The first time she put it to use wasn’t a contract from a human, but something Mandalee heard about from animals that were fleeing the scene. As a Cleric of Nature, Mandalee could freely converse in most of the primary animal languages and quickly learned about a ‘bad man’ who seemed to think it was fun to let his ‘pet demon’ loose on the village. It had already killed and injured many people and animals, and the wizard showed no signs of growing bored.

The demon hunter’s response was to get very drunk, armed to the teeth and rush to the scene. Mandalee and Shyleen tore into the demon first because the wizard had it on a tight magical leash. If they killed the wizard first, the demon would be free and only become that much more dangerous. Mandalee’s White cleric magic was physically painful to a Dark wizard, so she was able to keep him at bay until the demon was no more. Then she turned on him. He assailed her with spells, but he wasn’t quick enough to track her movements. The wizard didn’t seem to think it was quite so funny when he was the one about to be hurt and killed.
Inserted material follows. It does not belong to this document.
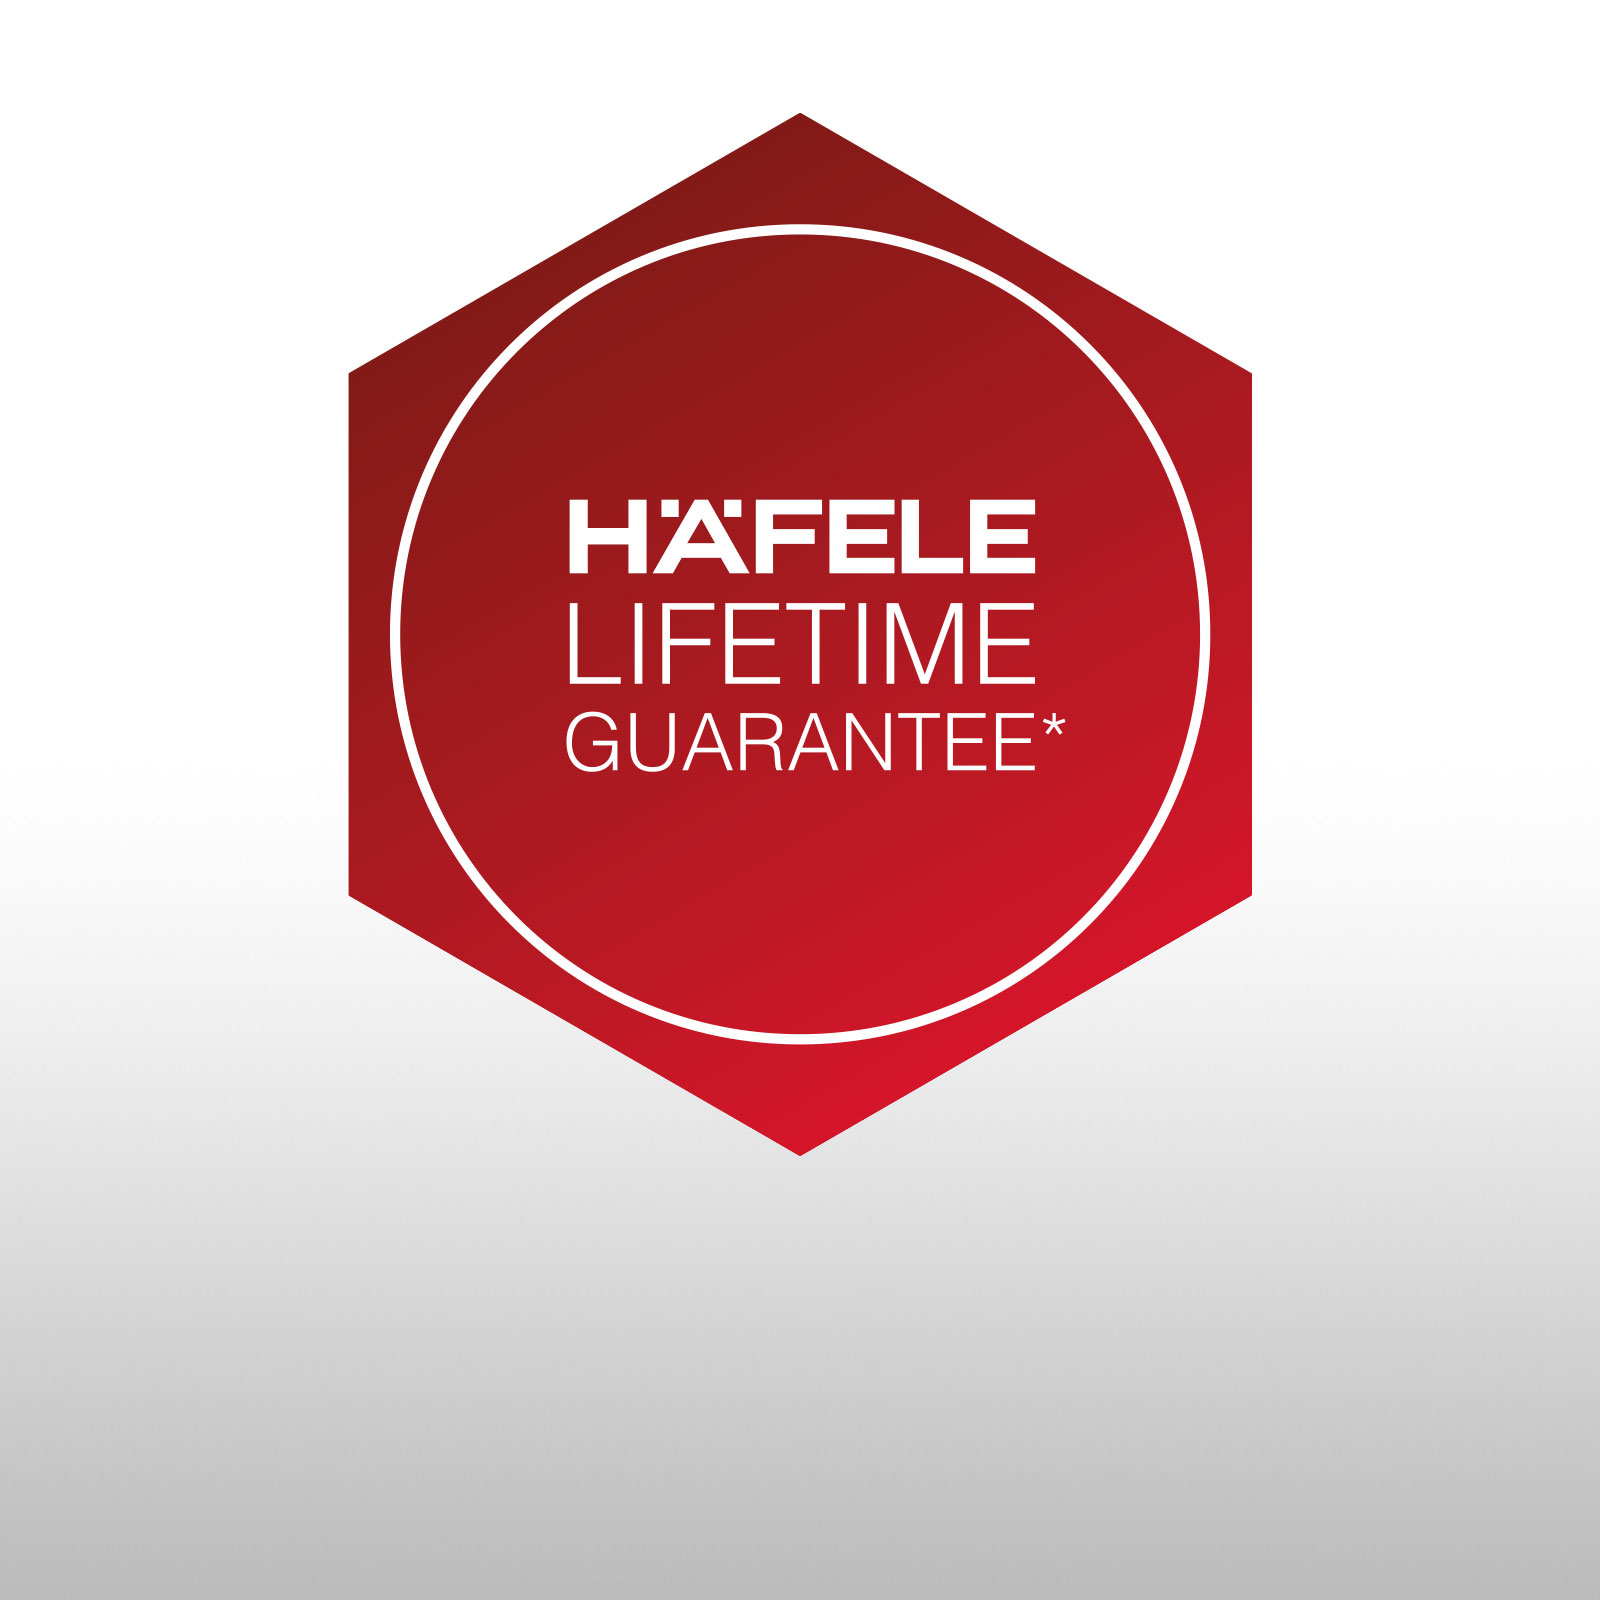 Hafele Lifetime Guarantee

He begged for mercy, but Mandalee was unmoved by pity. She resolved to grant as much mercy as he had shown the innocent people of his village. For a moment, though, she did hesitate to deliver the killing blow, and the wizard lashed out, thinking to escape. The firebolt that flew from his panicked fingers was not well-directed, however, and did nothing more than singe a small patch of Shyleen’s fur. But it was enough. Enough to trigger the memory of the last time, when that magical blast had almost split the leopard in two. The vision flashed through Mandalee’s mind, along with her memory of screaming for help from a ‘friend’ who would never come.

Never again. From now on, she vowed, it would be Shyleen and Mandalee against the world, and the world didn’t stand a chance as long as it tolerated people with power endangering those with none. That was the last time she would hesitate to kill in defence of those innocents. Never again.

The wizard’s last few breaths were agony until that blade skewered his heart. He would summon no more demons. He would harm no-one else ever again, and if she could repeat this action enough times, then maybe one day there would be fewer demons.